Open in a separate window

Figure 2.

Integrated Classical and RNA-Seq Expression Results. Partial results from a search for genes expressed in liver, at TS:28 (postnatal), assayed by classical in situ methods and by RNA-Seq are shown. New features are identified with red arrows, featured links shown as dotted arrows. (A) Search parameters. (B) Suite of expression result filters. Sample-level filters (left column) restrict expression results by sample metadata, and include the new TPM Level filter (RNA-Seq data only). New gene-level filters (right column) restrict expression results by gene annotations, including gene type, and high-level terms for ontology annotations (Gene Ontology, Mammalian Phenotype Ontology, and Disease Ontology). Filters enacted for this result set are shown (Filtered by). (C) Filtered result set showing Assay results tab (Assays tab view shown in Figure ​Figure3).3). Link-outs indicated by dotted arrows. New sample-level metadata columns (down arrows) can be shown/hidden with the Show Additional Sample Data toggle (RNA-Seq data-specific columns indicated). A new Morpheus heat map of RNA-Seq results is rendered by clicking the RNA-Seq ▸ Heat Map button (see Figure ​Figure4A).4A). New links to the Expression Atlas at EBI and the GXD RNA-Seq and Microarray Experiment Summary for RNA-Seq experiments are shown. Links to the GXD assay details (including images) exhibited in Figure ​Figure4C,4C, from the Result Details and Images columns are shown. The complete Assay results set can be exported as text to the user's desktop, and includes the new sample-level metadata columns shown.

IMPROVEMENTS TO THE GXD USER INTERFACE

RNA-Seq and microarray experiment search

The RNA-Seq and Microarray Experiment Search tool [http://www.informatics.jax.org/gxd/htexp_index; detailed in (11)] enables users to quickly and reliably find specific high-throughput expression data sets from the metadata index described above. The search form supports detailed queries for RNA-Seq and/or transcription microarray experiments by attributes of the samples assayed, including anatomical structure, developmental stage, mutant gene, mouse strain and sex. The search form also provides a text search function that returns experiments by text string matches in titles or descriptions. In addition, users can search for specific experiments by experiment ID.

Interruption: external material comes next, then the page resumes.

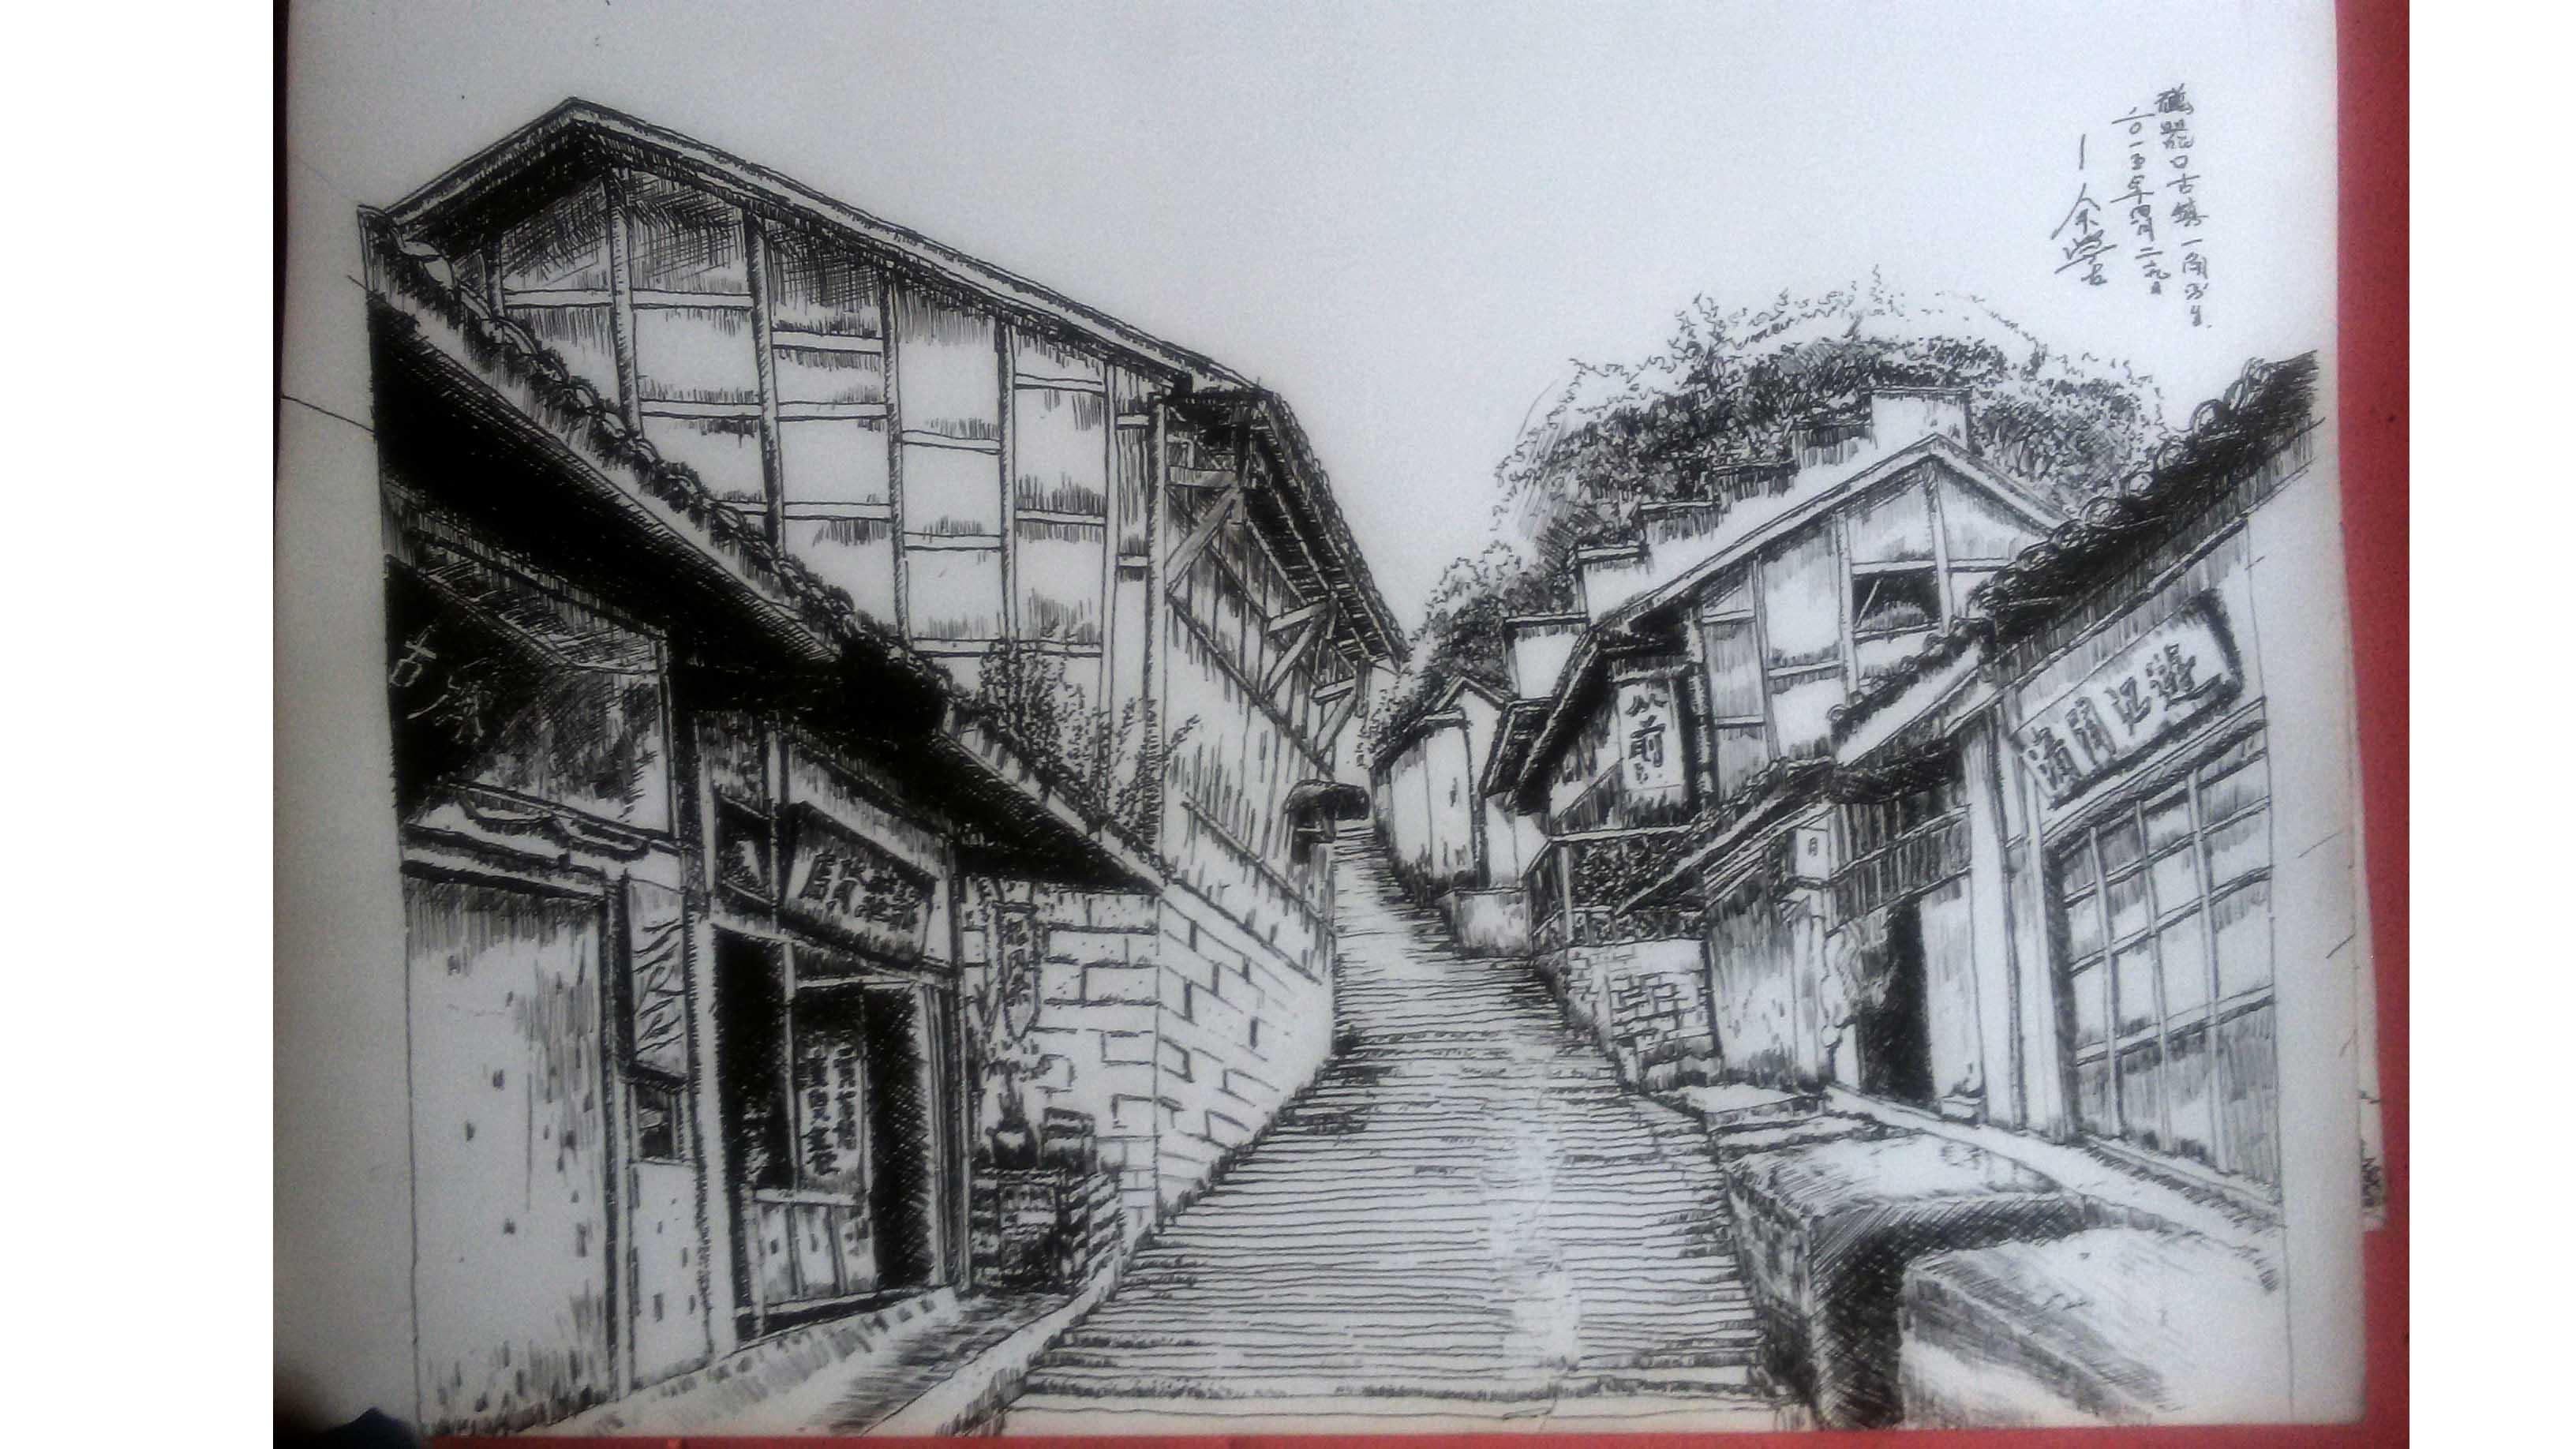 重庆磁器口古镇一角手绘图

The search results summary provides well organized information profiles of each experiment returned, which include title and full description, assay type (method), study type and experimental variables involved (i.e.the metadata fields that distinguish samples in the study). Access to GXD-curated metadata details for each sample of an experiment is prominent on the experiment summary. The total number of samples is shown and the number of samples that matched the search parameters is also shown. This is a valuable feature, since experiments can include samples from diverse biological sources. A link is provided to a tabular view of all samples for an experiment with their associated metadata, and the samples that matched search parameters are distinguished. When experiments are returned by text string match, matching text is conveniently highlighted. The summary also includes links to relevant external resources for each experiment where available, including PubMed, ArrayExpress, GEO and the Expression Atlas. Finally, for RNA-Seq experiments included in GXD’s RNA-Seq expression data load, links are provided to the GXD expression summary page for the corresponding experiment.

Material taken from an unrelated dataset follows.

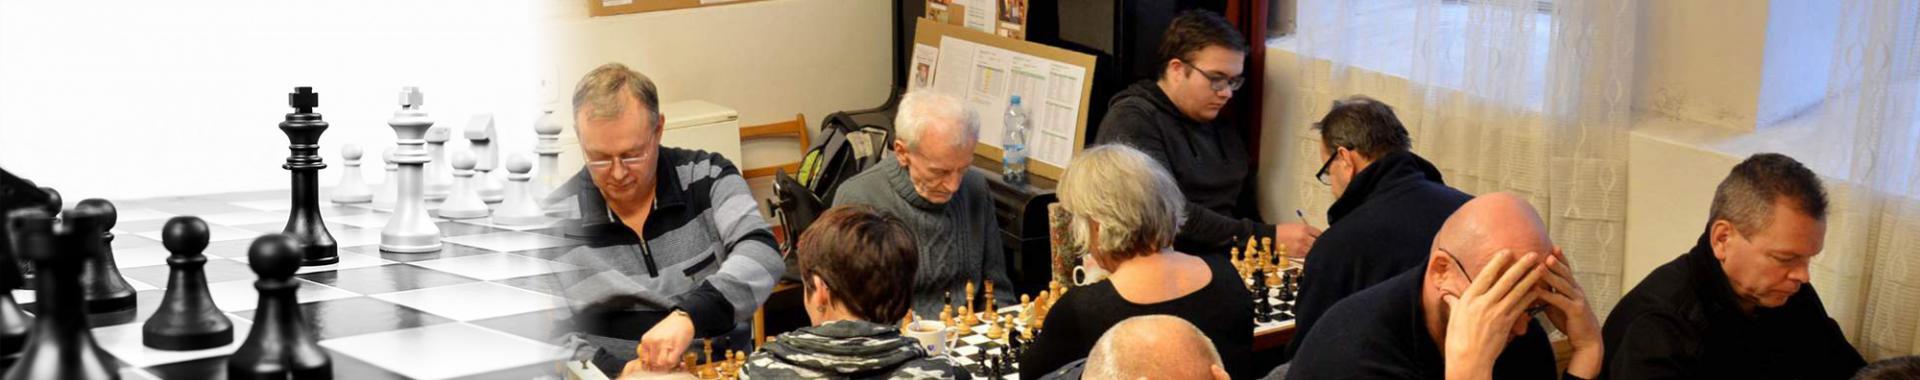 šachy, ov ksčm praha 5

New and integrated search capabilities for RNA-Seq and classical expression data

Our approach is to add value to RNA-Seq data by integration with the other expression data types in GXD, and with the genetic, functional, phenotypic and disease-oriented data in MGI. This integration allows us to provide new search and analysis capabilities for RNA-Seq data. The newly incorporated RNA-Seq data are accessible throughout much of the GXD user interface, including (a) the Standard Gene Expression Data Search, which permits querying for expression data by an array of different search parameters, including user-specified metadata and biomedically relevant annotation profiles (http://www.informatics.jax.org/gxd; Standard Search tab); (b) the GXD Batch Search tool, which returns expression data from input lists of genes (http://www.informatics.jax.org/gxd/batchSearch) and (c) the Mouse Developmental Anatomy Browser, where links to expression data from specific anatomical structure searches are superimposed on a dynamic hierarchical display of mouse anatomical structures (http://www.informatics.jax.org/vocab/gxd/anatomy/). RNA-Seq data are excluded from the default settings of the Standard Gene Expression Data Search due to the expansive result sets common to genome-wide assays; this is clearly indicated on the Search Form. RNA-Seq data can be included with a single click in the Assay types section on the form. To assure responsive system performance, we optimized front end configuration and imposed reasonable limits for Standard and Batch GXD searches. For the Standard Gene Expression Data search, we set a limit of 21 million expression assay results. This threshold is high enough to include all results for any anatomical structure or developmental stage spanning all assay types (including RNA-Seq). The interface informs users when their search results pass this threshold, and encourages search refinement. The GXD Batch Search has an input limit of 5000 genes.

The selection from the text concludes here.